Execute commands for multiple files using fish
Recently I have downloaded some submissions from a course I am currently giving. Luckily the tool being used allows to download an archive with all submissions at once, but unfortunately the structure of the archive is not really handy. It contained a folder for every student, and in this folder there was another zip archive, which contained the actual submission of the given student.
In addition to that every single archive contained a JavaScript project, in each of which I had to execute
npm install in order to test the submission afterwards. So I could either go into each folder, unzip the archive and
install the NPM packages for each and every one of them. Or I could take some time, and figure out how to unzip all
archives and install the required packages with two small command line scripts.
Of course I chose the latter!
First of all I had to find a glob that matches all the files I want to execute the command (unzip in my case) for. The
ls command is great for testing this:
ls */*.zip
ls is usually used to list the content of entire directories, but also allows to list files being passed to it. This
is really useful in combination with the
wildcards the fish shell provides. fish tries to match the
*/*.zip expression to as many files as possible, whereby the * can be a string of any length not containing /,
which is the folder delimiter in linux. That means it will find any arbitrarily named file ending in .zip being
located directly in a sub folder of the current directory. So the above command returned file names like
erika_mustermann/submission.zip and john_doe/assignment.zip for me, which indicated that I was on the right track. I
always start tasks like that this way, because I want to make sure that I am not accidentally executing the commands for
the wrong files.
Next step: Figure out how to use the for loop in fish. I still
prefered to play it safe, so I decided to only output the names of the files using the echo command within the for
loop.
for file in */*.zip;
echo $file;
end
Basically the for loop in fish is a simple for .. in construct, whereby the name after the for is being used as
the variable name (mind that it is defined without a prefix, but when accessing it a $ is required), and the part
between in and ; is the expression that is being looped over, which is every file that matches the glob in our case.

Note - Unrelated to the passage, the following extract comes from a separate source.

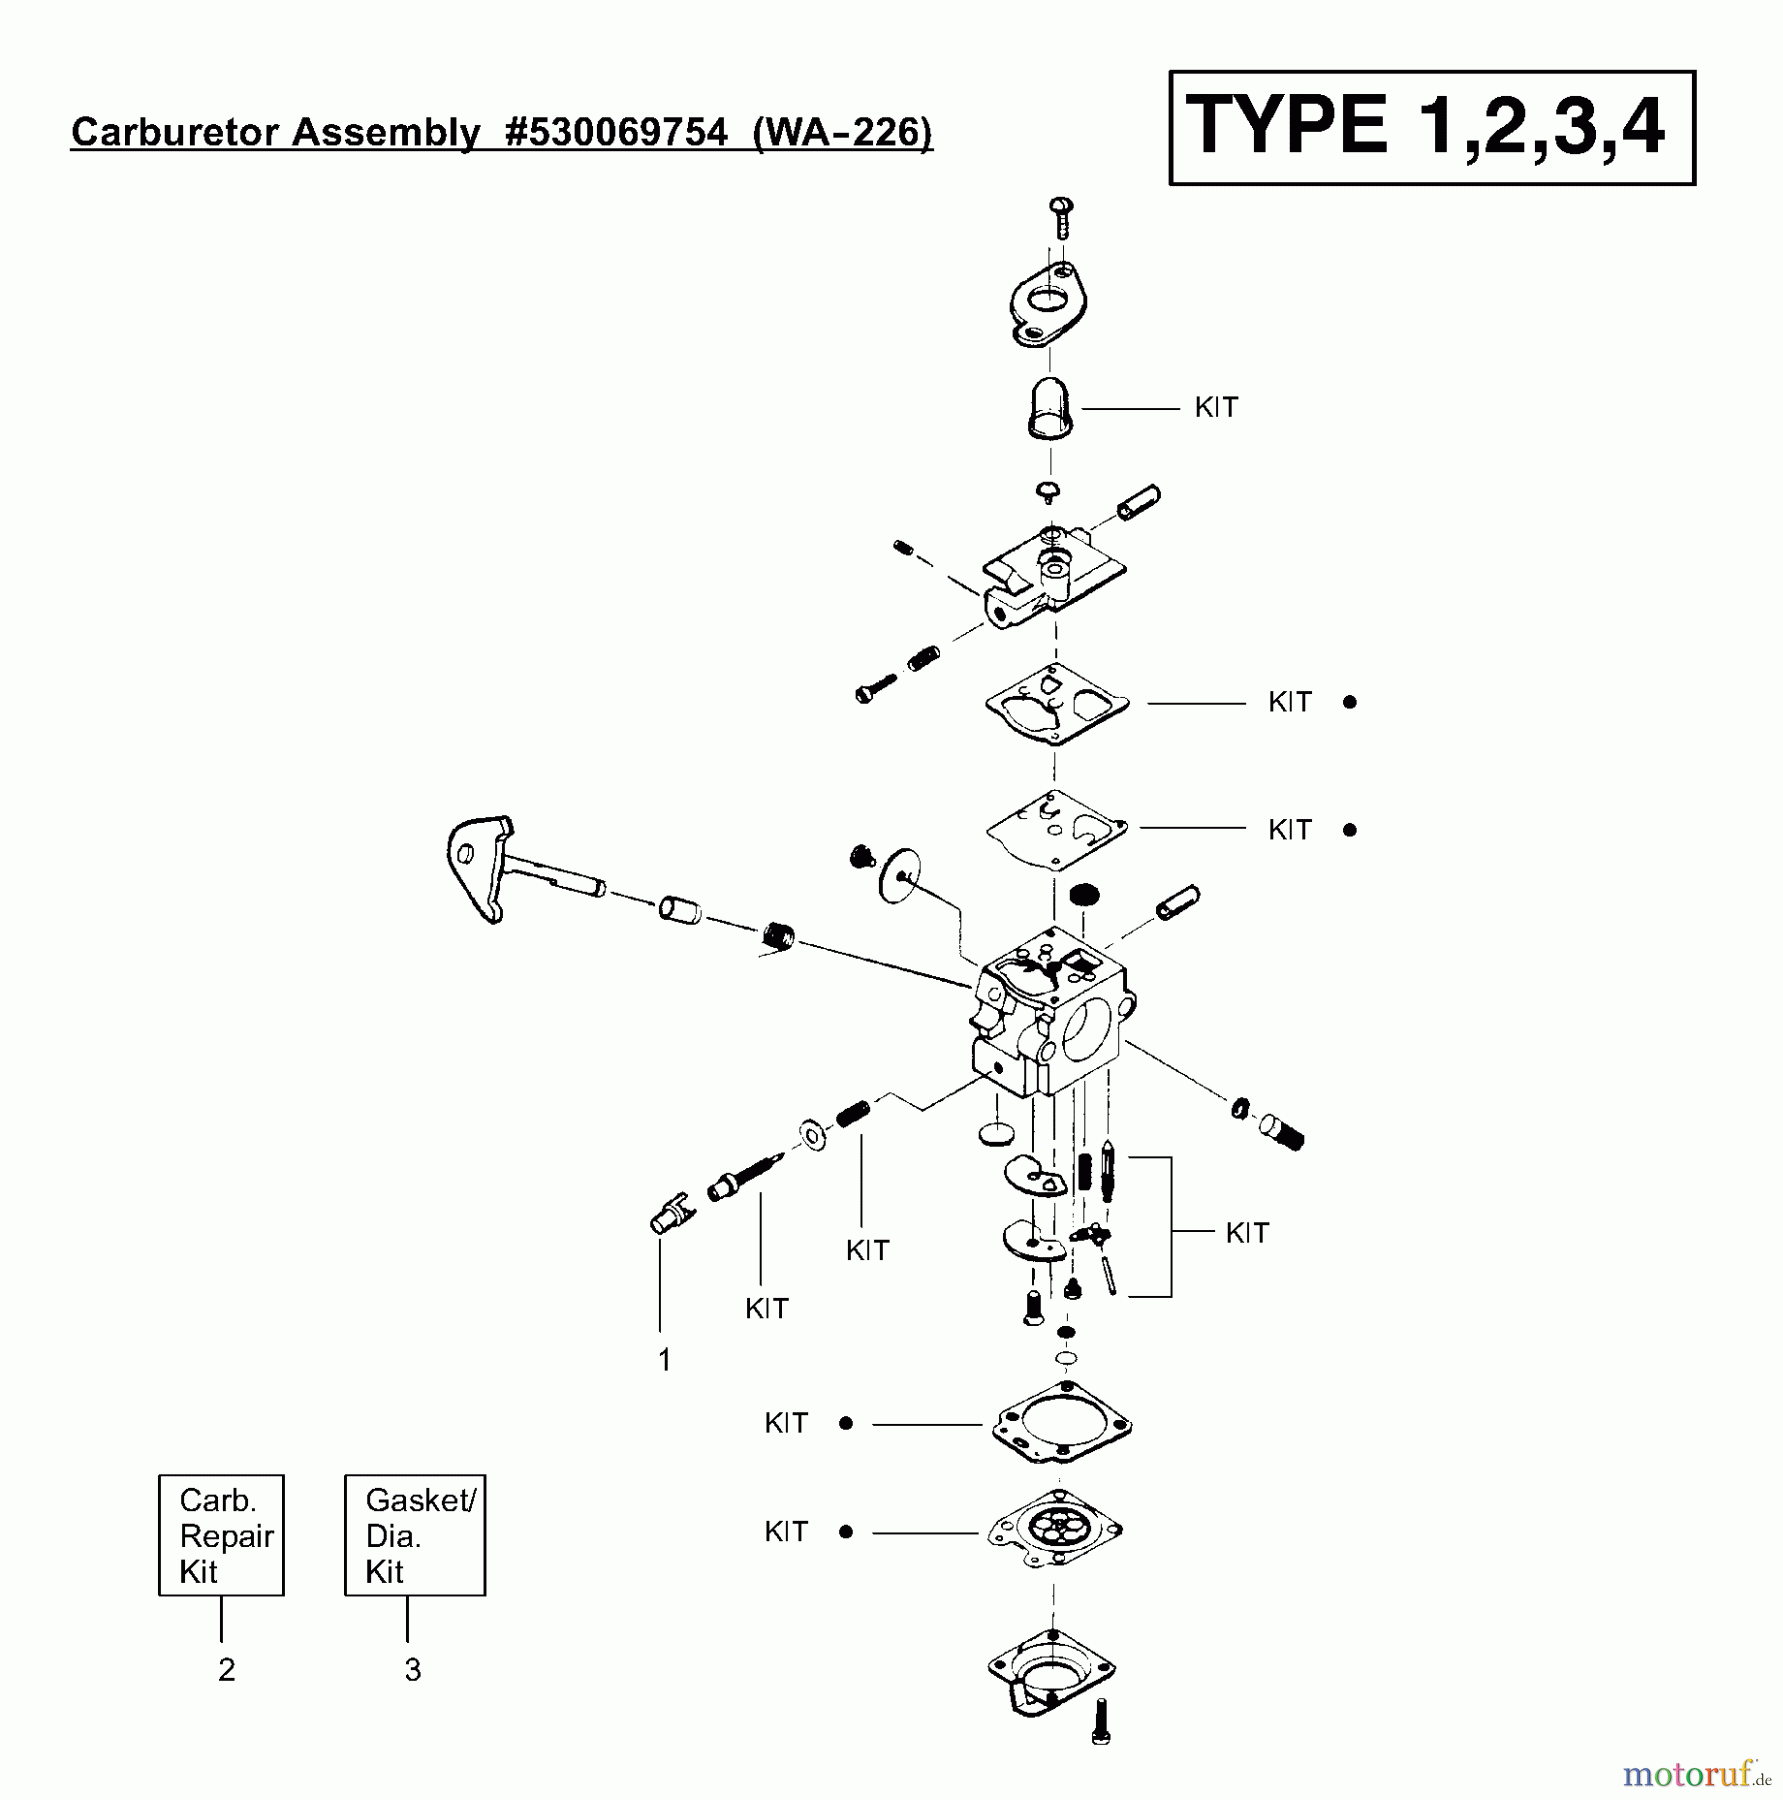  Poulan / Weed Eater Motorsensen, Trimmer TE500CXL (Type 3) - Weed Eater String Trimmer Carburetor Assembly (WA226) P/N 530069754

Other than some differences in whitespaces the output should be pretty much the same as in the previous ls command.
So I knew that the for loop was receiving the correct values and I could start writing the actual command I want to
execute for all of these files. I’ve ended up with the following:
for file in */*.zip;
unzip $file -d (dirname $file);
end
The unzip command takes the name of the archive file you want to extract. The only problem is that it will extract the
archive’s content in the current directory instead of right next to itself. Fortunately the unzip command comes with a
-d option, that allows to specify the directory you want the archive to be extracted to. However, this option expects
a directory, not a file. All I’ve got until now is the file name of the archive, but thankfully dirname exists as
well. That’s a command that will remove everything after the last / in the given string, including the / itself. So
it is a great utility to get the parent directory of another file or directory. I use that command in combination with
fish’s command substitution, which allows me to
execute another command and use it as parameter of an outer command. That is done by putting the inner command in
paranthesis.
The above command unarchived all zip files right where there are located. But some of the students added another root
folder in their archive, and others didn’t. So the structure was not always the same, but I still wanted to run
npm install for all of them at once. Therefore I decided to use another for loop with a different glob. The **
wildcard is similiar to the * wildcard, but with one important difference: It also includes /, meaning that it
matches an arbitrary number of sub folders, not just a single one. This way it does not matter if another folder has
been added as root in the archives.
In addition to that I also make use of the fact that multiple commands can be used within a for loop if they are
delimited by a ;.
for file in **/package.json;
cd (dirname $file);
npm install;
cd -;
end
This loop finds all package.json files in any of the current sub directories, changes to the containing directory of
the file by again using the dirname command with the $file variable. Afterwards npm install is executed to
install all the dependencies, and once that is finished it goes back to the previous working directory (that’s what the
- stands for).
For some reason I was always a bit hesitant when using loops in the command line. Somehow the command line always felt to me like something to which I enter a single command and get a result in return, which is a pretty simple protocol. Using stuff like pipes still felt ok to me, but a loop might need to be broken into multiple lines quite quickly, which does not feel natural to me. But it is probably a much bigger time saver than other features of shells, so I checking them out is highly recommended!